Remark 2: property of limitsBy setting \(a_n = \frac{t^2}{2} + nR_Y(\frac{t}{\sqrt{n}})\),
\(\begin{align} \lim\limits_{n \to \infty}(1 + \frac{1}{n}(\frac{t^2}{2} + nR_Y(\frac{t}{\sqrt{n}})))^n = \lim\limits_{n \to \infty}(1 + \frac{1}{n}(a))^n \\ \end{align}\)
Using remark 1 we can show that as sample size \(n \to \infty\): \(\begin{align} \lim\limits_{n \to \infty}(\frac{t^2}{2} + nR_Y(\frac{t}{\sqrt{n}})) = t^2/2 \\ \end{align}\)
Therefore: \(\begin{align} \lim\limits_{n \to \infty}(1 + \frac{1}{n}(a))^n = e^{t^2/2} \\ \end{align}\)

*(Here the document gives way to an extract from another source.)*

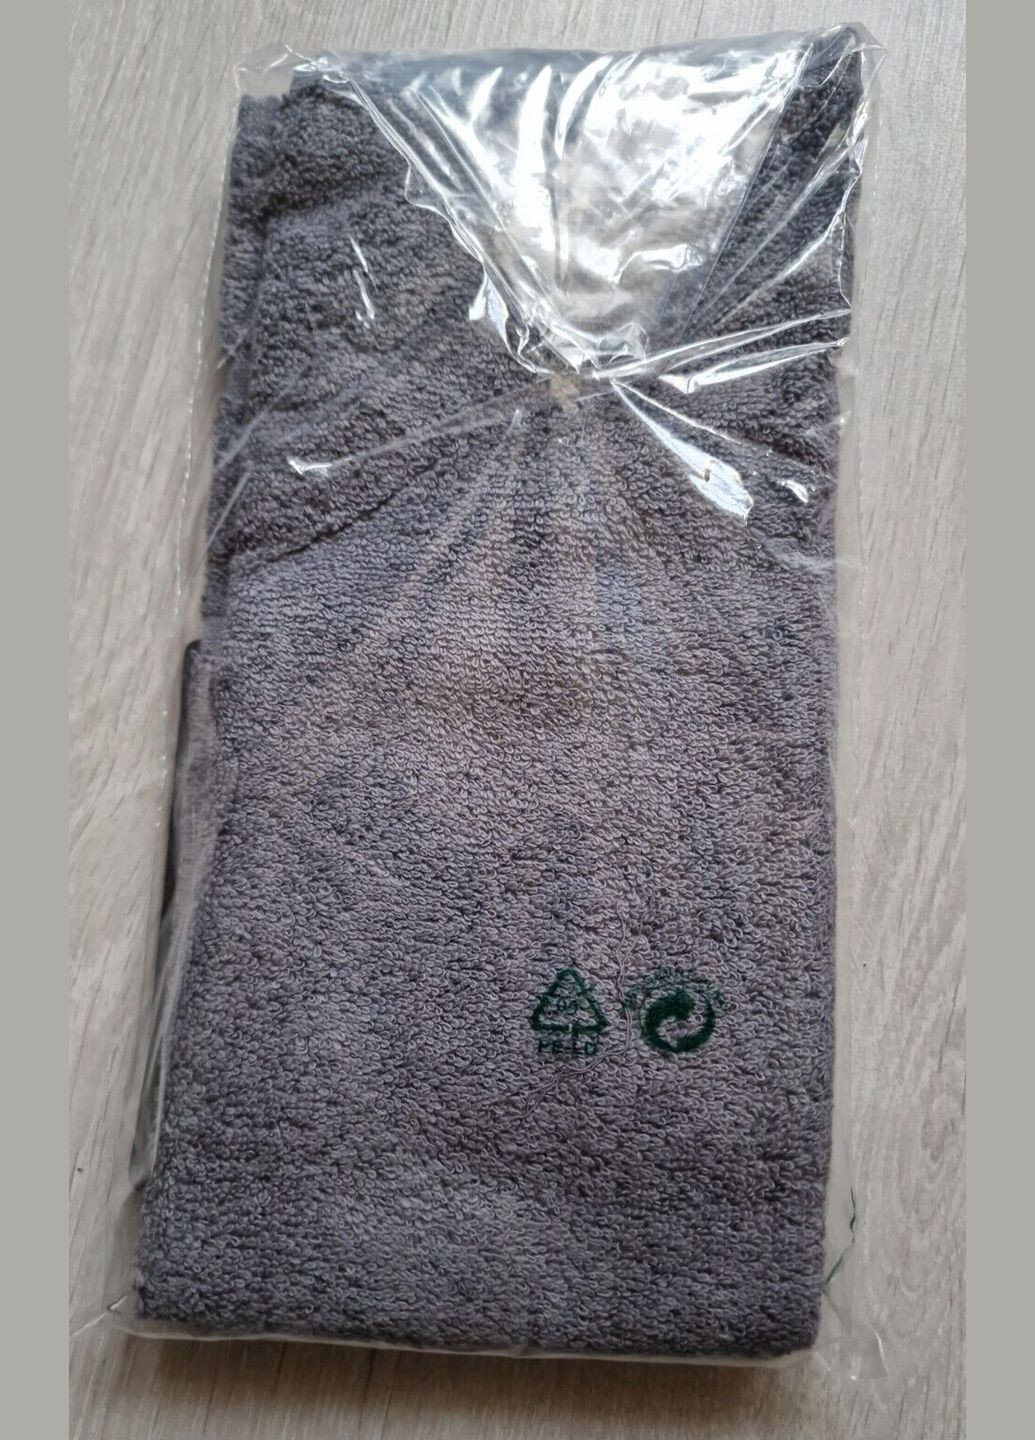 Everlast маленькое полотенце для зала спорта логотип серый производство - Турция

Remark 3: MGF of the standard normal distribution We can show that the MGF for \(N(0,1)\) is \(e^{t^2/2}\):
\(\begin{align} M_X(t) & = E(e^{tx}) && \text{definition of MGF} \\[6pt] & = \int_{-\infty}^{\infty}e^{tx}f(x)dx && \text{definition of expectation} \\[6pt] & = \int_{-\infty}^{\infty}e^{tx}\frac{1}{\sqrt{2\pi}}e^{(-\frac{1}{2}x^2)} && \text{pdf of standard normal distribution} \\[6pt] & = \int_{-\infty}^{\infty}\frac{1}{\sqrt{2\pi}}e^{(-\frac{1}{2}x^2 + tx)} && \text{notice we can complete the square} \\[6pt] & = \int_{-\infty}^{\infty}\frac{1}{\sqrt{2\pi}}e^{(-\frac{1}{2}(x^2 - 2tx + t^2) + \frac{1}{2}t^2)} && \text{multiple & divide by $\frac{1}{2}e^{t^2}$} \\[6pt] & = e^{t^2/2}\int_{-\infty}^{\infty}\frac{1}{\sqrt{2\pi}}e^{(-\frac{1}{2}(x - t)^2)} && \text{integral now represents cdf of $N(t, 1)$, which = 1} \\[6pt] & = e^{t^2/2} \\ \end{align}\)

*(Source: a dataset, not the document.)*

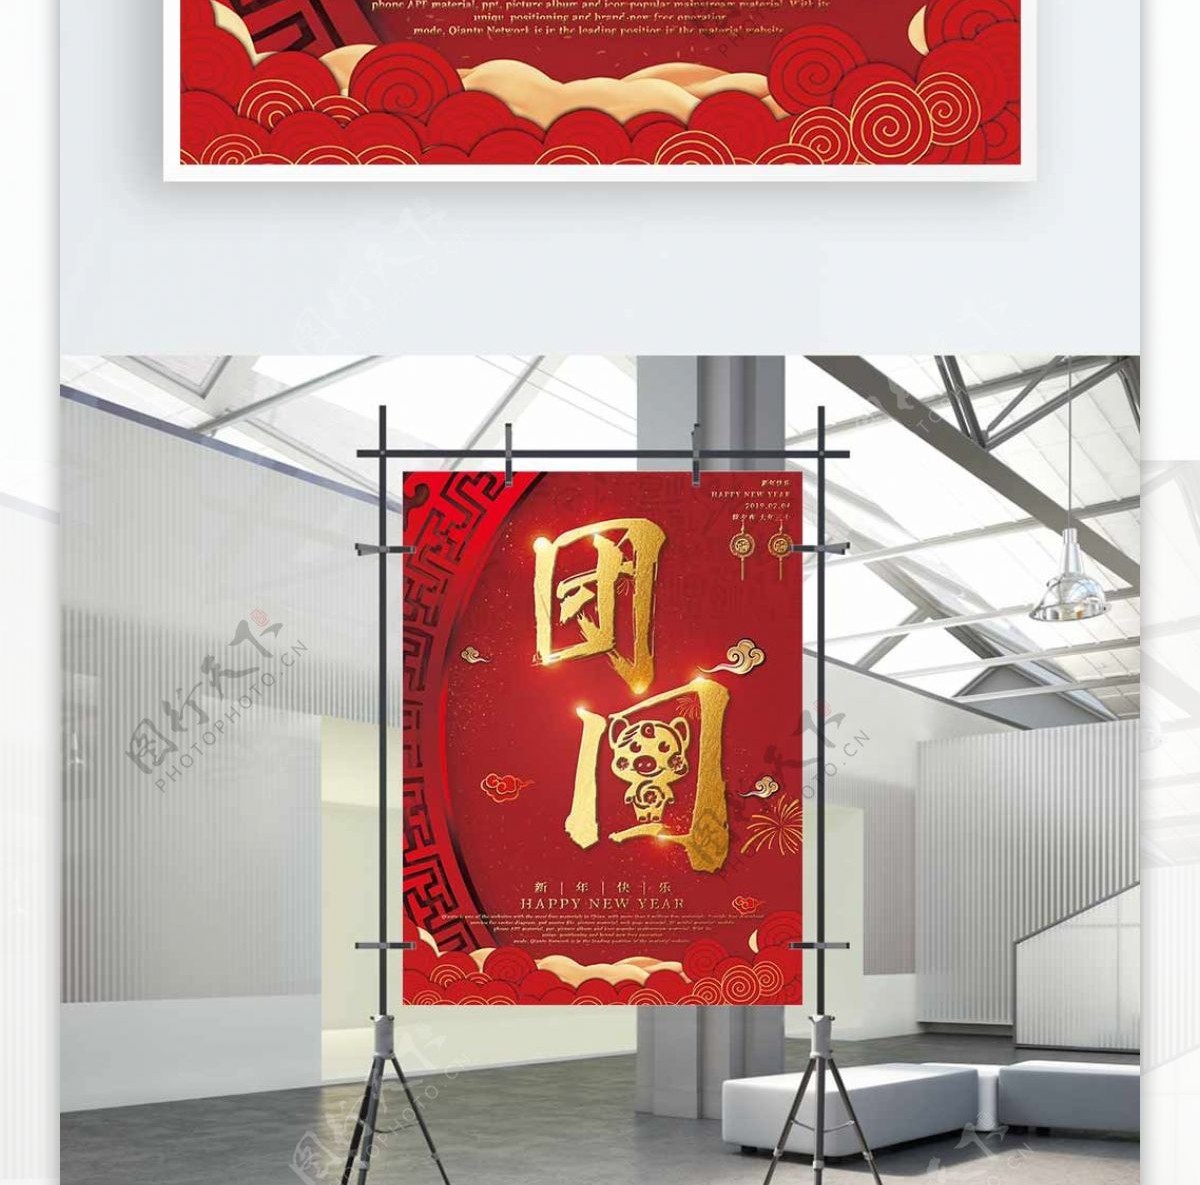 原创简约简约创意中国风过年主题系列海报

3.5 Visualizing CLT Approximation
x = data.table(ID = 1,
sample_size = 1,
fact = "N = 1",
dat = rgamma(1000, 0.5, 1))
x5 = data.table(ID = 2,
sample_size = 5,
fact = "N = 5",
dat = replicate(1000, mean(rgamma(5, 0.5, 1))))
x20 = data.table(ID = 3,
sample_size = 20,
fact = "N = 20",
dat = replicate(1000, mean(rgamma(20, 0.5, 1))))
x100 = data.table(ID = 4,
sample_size = 100,
fact = "N = 100",
dat = replicate(1000, mean(rgamma(100, 0.5, 1))))
x_dat = bind_rows(x, x5, x20, x100)
x_dat$fact <- factor(x_dat$fact, levels = c("N = 1", "N = 5", "N = 20", "N = 100"))
norm_tbl <- data.table(predicted = numeric(0),
fact = character(0))
for(i in 1:4){
a <- data.table(predicted = rnorm(1000, mean = 0.5, sd = 0.5/sqrt(x_dat$sample_size[x_dat$ID == i])),
fact = paste0("N = ", x_dat$sample_size[x_dat$ID == i]))
norm_tbl <- bind_rows(norm_tbl, a)
}
norm_tbl$fact <- factor(norm_tbl$fact, levels = c("N = 1", "N = 5", "N = 20", "N = 100"))
grid <- with(norm_tbl, seq(0, 2, length = 1000))
normaldens <- ddply(norm_tbl, "fact", function(df) {
data.table(predicted = grid,
density = dnorm(grid, mean(df$predicted), sd(df$predicted)))
})
ggplot(data = x_dat) +
geom_histogram(aes(x = x_dat$dat, y= ..density..), bins = 30) +
geom_line(aes(x = normaldens$predicted, y = normaldens$density), colour = "red") +
facet_wrap(~ fact, scales = "free", ncol = 4) +
labs(title = "Means from a Gamma Distribution: Increasing Sample Size", x = "", y = "Frequency (unfixed scale)") +
theme(axis.text.y = element_blank(),
axis.ticks.y = element_blank())
#Need a method to prevent automatic scaling to the normal overlay (dependent on grid). I want to scale by my histogram.